A: Seeing a seizure occur can be incredibly frightening and traumatic. The most important things for her safety are to take her medication, take good care of herself in general, and avoid driving a car right now. It is probably not necessary for you to stay with her at all times. Living as normal and independent a life as possible is a goal for people with epilepsy. Do sit down with her neurologist to discuss your concerns. It’s essential that you take care of yourself as well.
Q: I’ve had epilepsy since childhood. The good news is that I haven’t had a seizure for years. The bad news is that I don’t like to leave the house because I feel vulnerable. This has been working for me, but this year I want to take an art class and I feel afraid.
A: It sounds like you may have developed an anxiety disorder around your seizures as a child. Now, your seizures are better but your anxiety isn’t. This is not uncommon and you are not alone. It’s wonderful that you are thinking of taking an art class. Therapy, particularly cognitive behavioral therapy, is likely to be very helpful. Medications targeting your anxiety might help as well. The most important thing is that you keep talking about this with your doctors. At Mount Sinai, our psychiatrists are available to help.

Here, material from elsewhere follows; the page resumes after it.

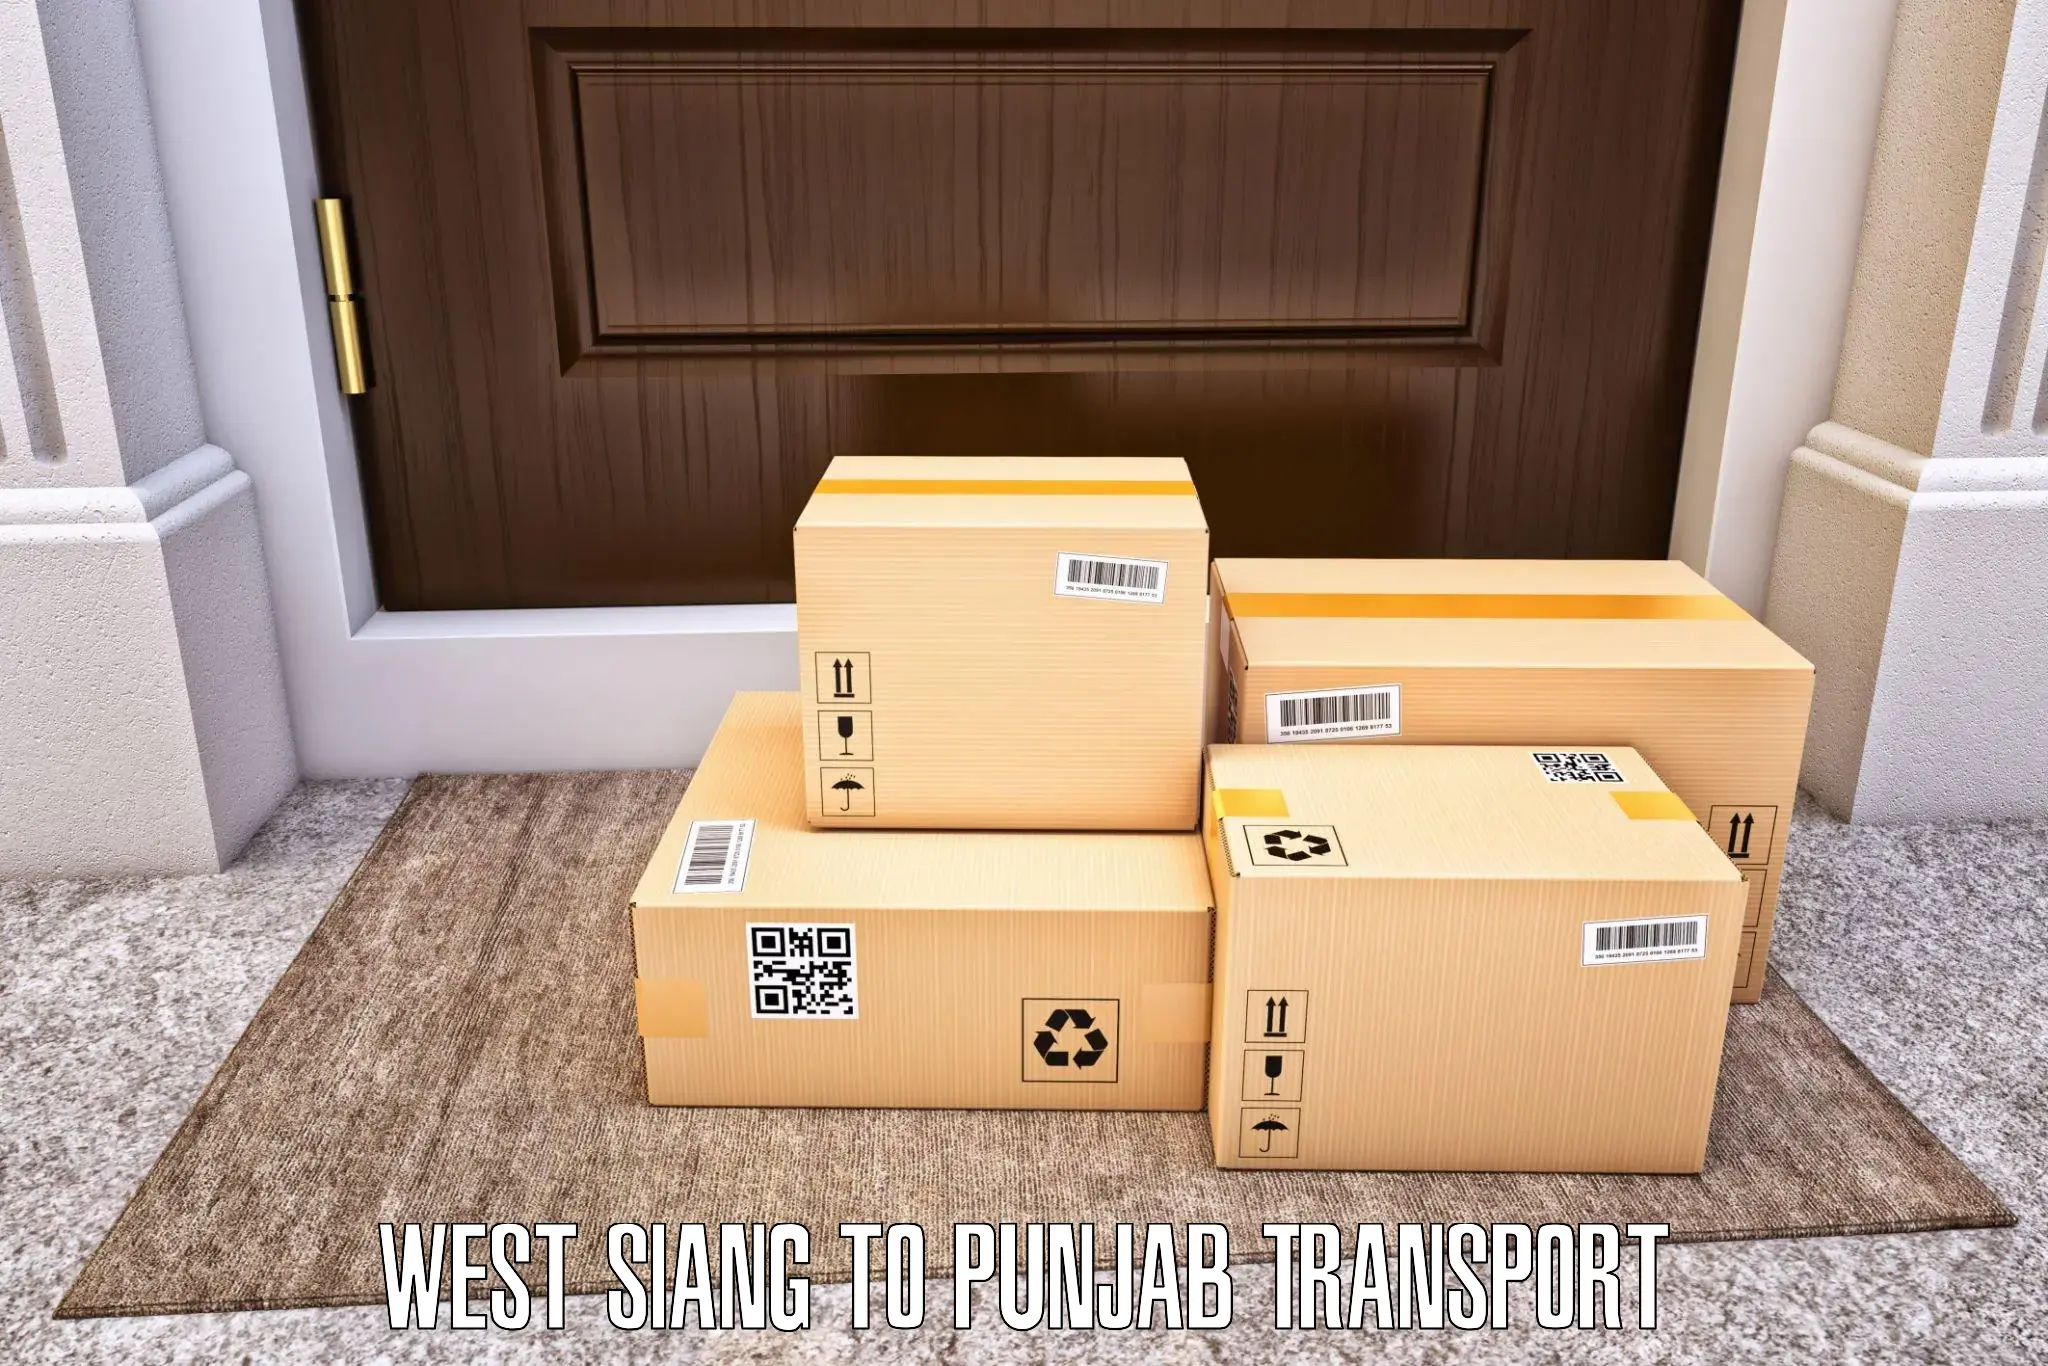 Online transport service in West Siang to Punjab

Q: I am 38 and was diagnosed with epilepsy last month. I don’t know if I should tell my bosses or the people I work with about my seizures. What if I have an episode at work?
A: There is no right or wrong answer to this question. Telling people around us about our medical conditions is a personal decision. If you do want to tell people in your work place, we support this and are available to provide more information and education if necessary. Regardless of your decision, wearing a medical alert bracelet or necklace can help you get good care should you have an unexpected seizure.